When the guest is under load, I see very high kernel CPU usage, as
well as terrible guest performance. The workload on the guest is
approximately 1/4 of what we'd run unvirtualized on the same
hardware. Even at that level, we max out every vCPU in the guest.

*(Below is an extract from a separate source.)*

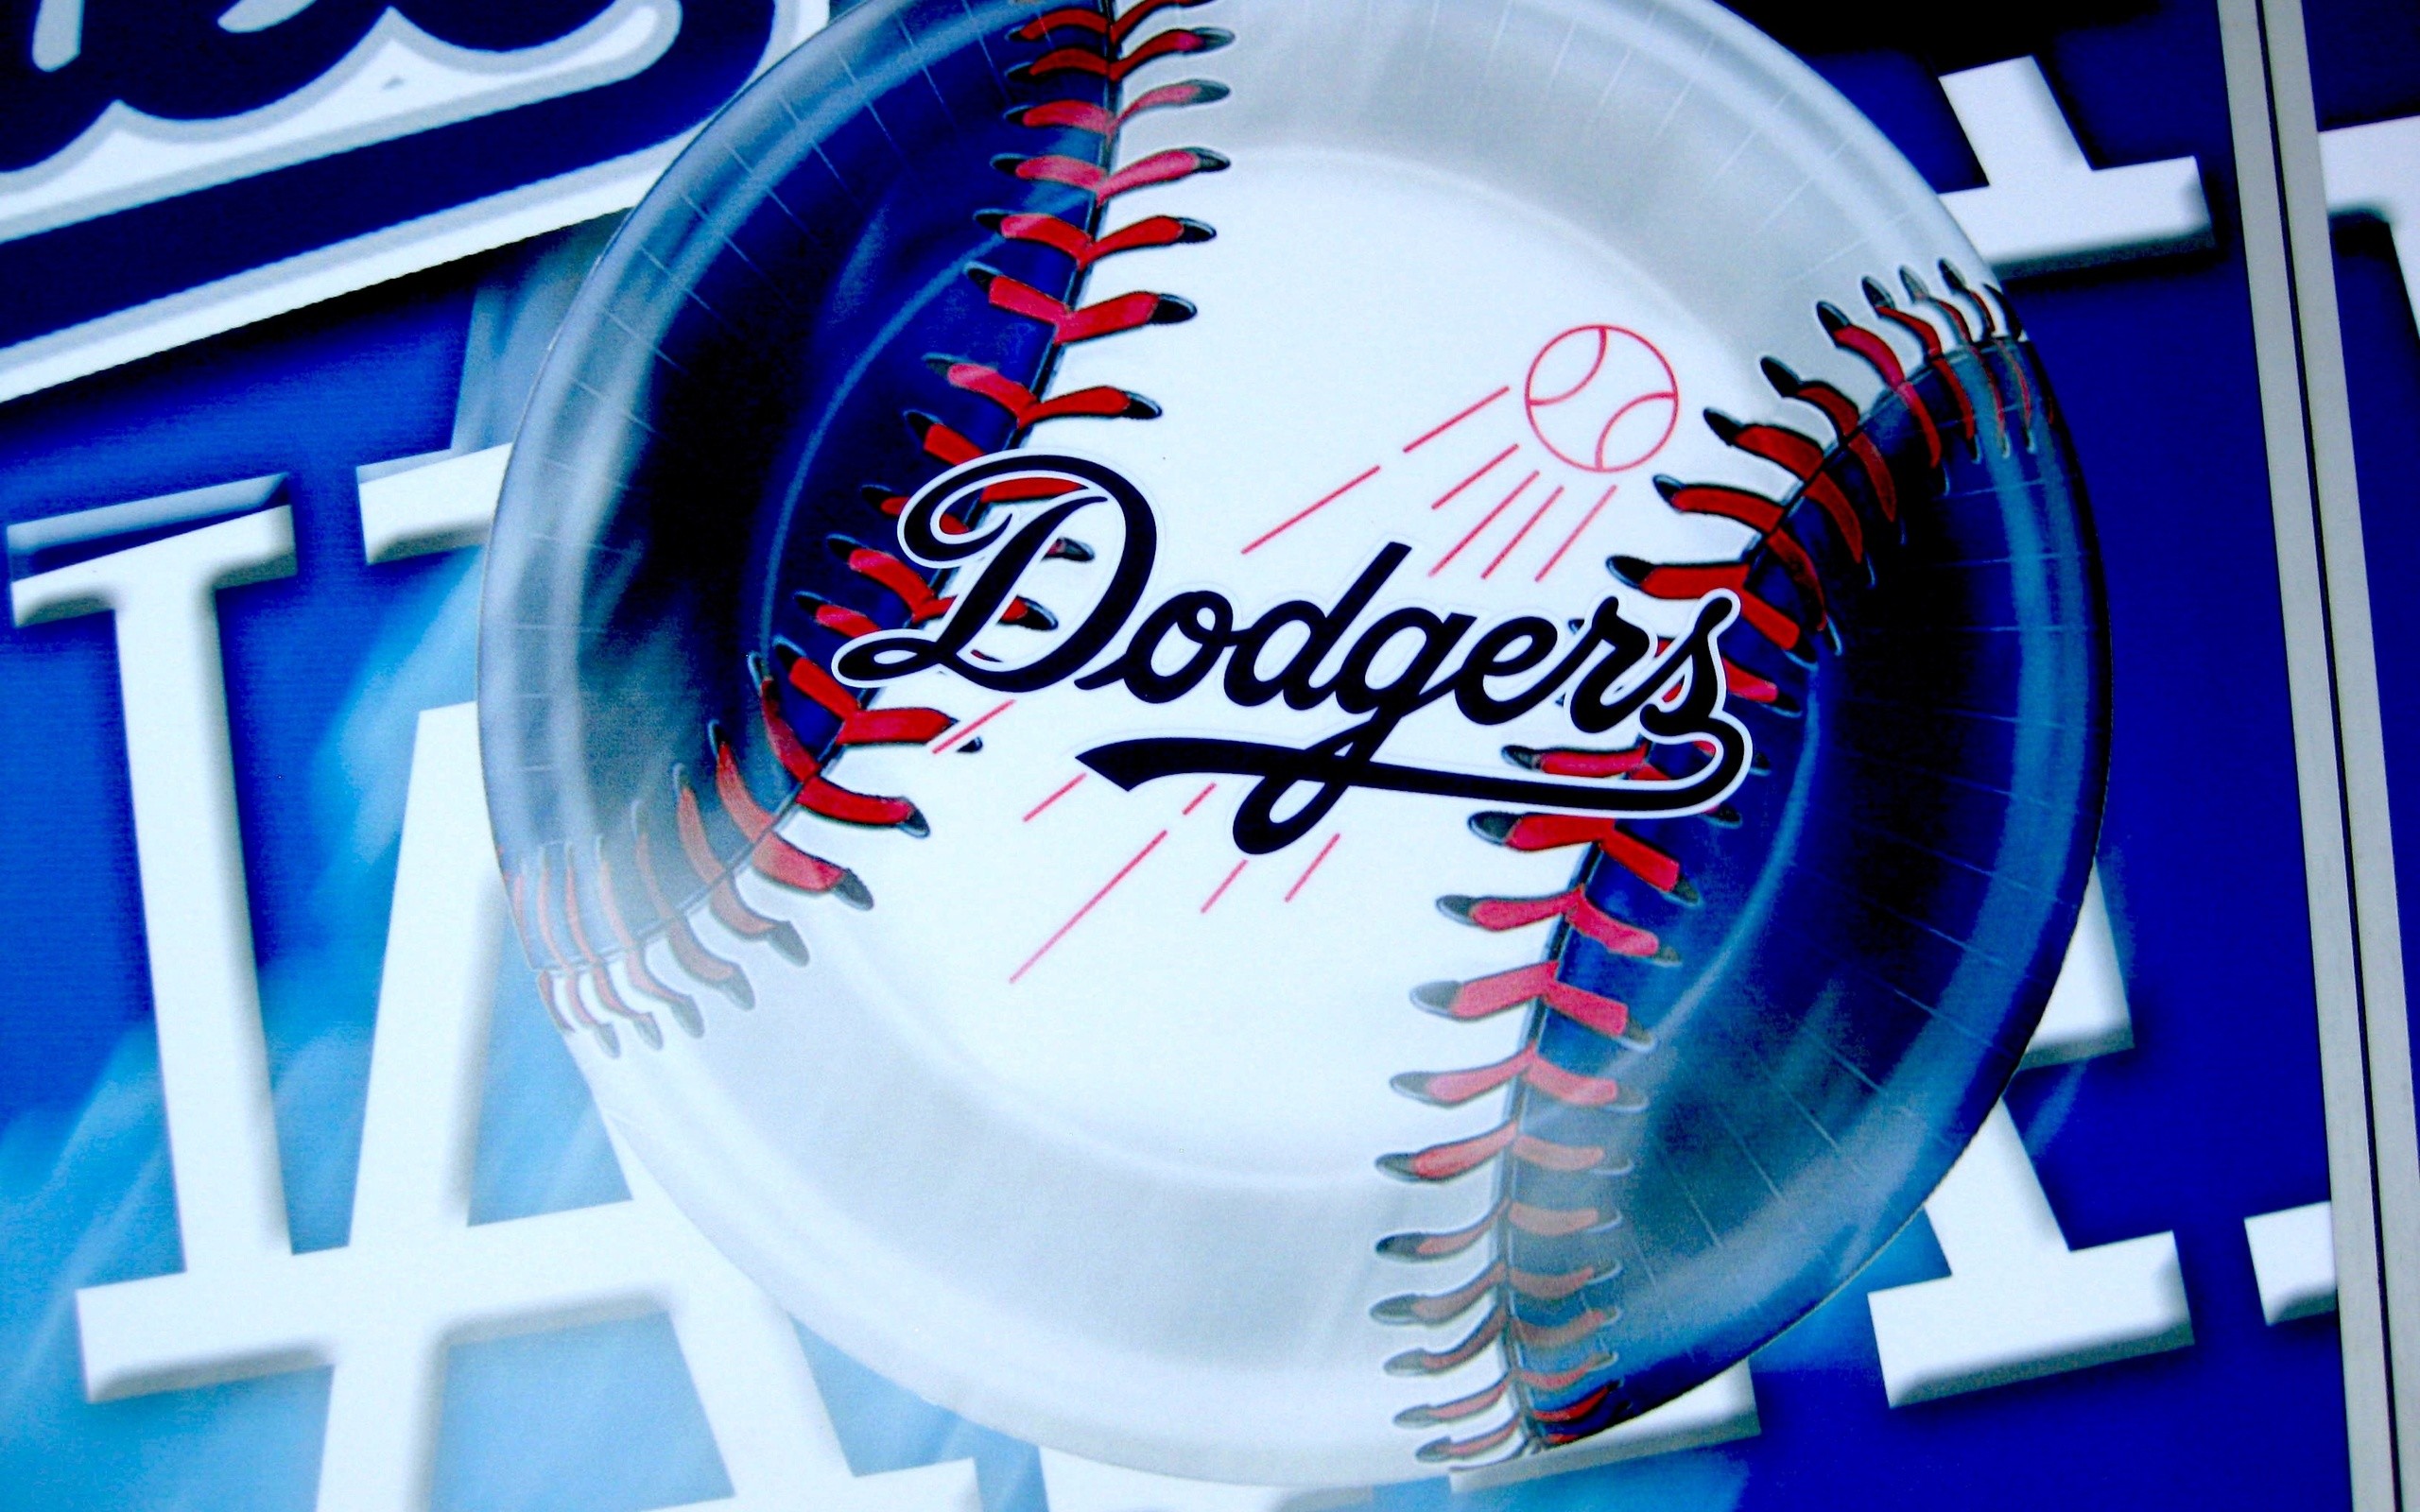 Los angeles dodgers. La Dodgers. Доджерс логотип. Лос Анджелес Доджерс лого.

While the guest runs, I see very high kernel CPU usage (based on
`htop` output).
Host setup:
Linux nj1058 3.10.8-1.el6.elrepo.x86_64 #1 SMP Tue Aug 20 18:48:29 EDT
2013 x86_64 x86_64 x86_64 GNU/Linux
CentOS 6
qemu 1.6.0
2x Intel E5-2630 (virtualization extensions turned on, total of 24
cores including hyperthread cores)
24GB memory
swap file is enabled, but unused
Guest setup:
Windows Server 2008R2 (64 bit)
24 vCPUs
16 GB memory
VirtIO disk and network drivers installed
/qemu16/bin/qemu-system-x86_64 -name VMID100 -S -machine
pc-i440fx-1.6,accel=kvm,usb=off -cpu
host,hv_relaxed,hv_vapic,hv_spinlocks=0x1000 -m 15259 -smp
24,sockets=1,cores=12,threads=2 -uuid
90301200-8d47-6bb3-0623-bed7c8b1dd7c -no-user-config -nodefaults
-chardev
socket,id=charmonitor,path=/libvirt111/var/lib/libvirt/qemu/VMID100.monitor,server,nowait
-mon chardev=charmonitor,id=monitor,mode=readline -rtc
base=utc,driftfix=slew -no-hpet -boot c -usb -drive
file=/dev/vmimages/VMID100,if=none,id=drive-virtio-disk0,format=raw,cache=writeback,aio=native
-device
virtio-blk-pci,bus=pci.0,addr=0x4,drive=drive-virtio-disk0,id=virtio-disk0
-drive if=none,media=cdrom,id=drive-ide0-1-0,readonly=on,format=raw
-device ide-drive,bus=ide.1,unit=0,drive=drive-ide0-1-0,id=ide0-1-0
-netdev tap,fd=18,id=hostnet0,vhost=on,vhostfd=19 -device
virtio-net-pci,netdev=hostnet0,id=net0,mac=52:54:00:00:2c:6d,bus=pci.0,addr=0x3
-vnc 127.0.0.1:100 -k en-us -vga cirrus -device
virtio-balloon-pci,id=balloon0,bus=pci.0,addr=0x5
The beginning of `perf top` output:
Samples: 62M of event 'cycles', Event count (approx.): 642019289177
64.69% [kernel] [k] _raw_spin_lock
2.59% qemu-system-x86_64 [.] 0x00000000001e688d
1.90% [kernel] [k] native_write_msr_safe
0.84% [kvm] [k] vcpu_enter_guest
0.80% [kernel] [k] __schedule
0.77% [kvm_intel] [k] vmx_vcpu_run
0.68% [kernel] [k] effective_load
0.65% [kernel] [k] update_cfs_shares
0.62% [kernel] [k] _raw_spin_lock_irq
0.61% [kernel] [k] native_read_msr_safe
0.56% [kernel] [k] enqueue_entity
I've captured 20,000 lines of kvm trace output. This can be found
https://gist.github.com/devicenull/fa8f49d4366060029ee4/raw/fb89720d34b43920be22e3e9a1d88962bf305da8/trace
So far, I've tried the following with very little effect:
* Disable HPET on the guest
* Enable hv_relaxed, hv_vapic, hv_spinlocks
* Enable SR-IOV
* Pin vCPUs to physical CPUs
* Forcing x2apic enabled in the guest (bcdedit /set x2apicpolicy yes)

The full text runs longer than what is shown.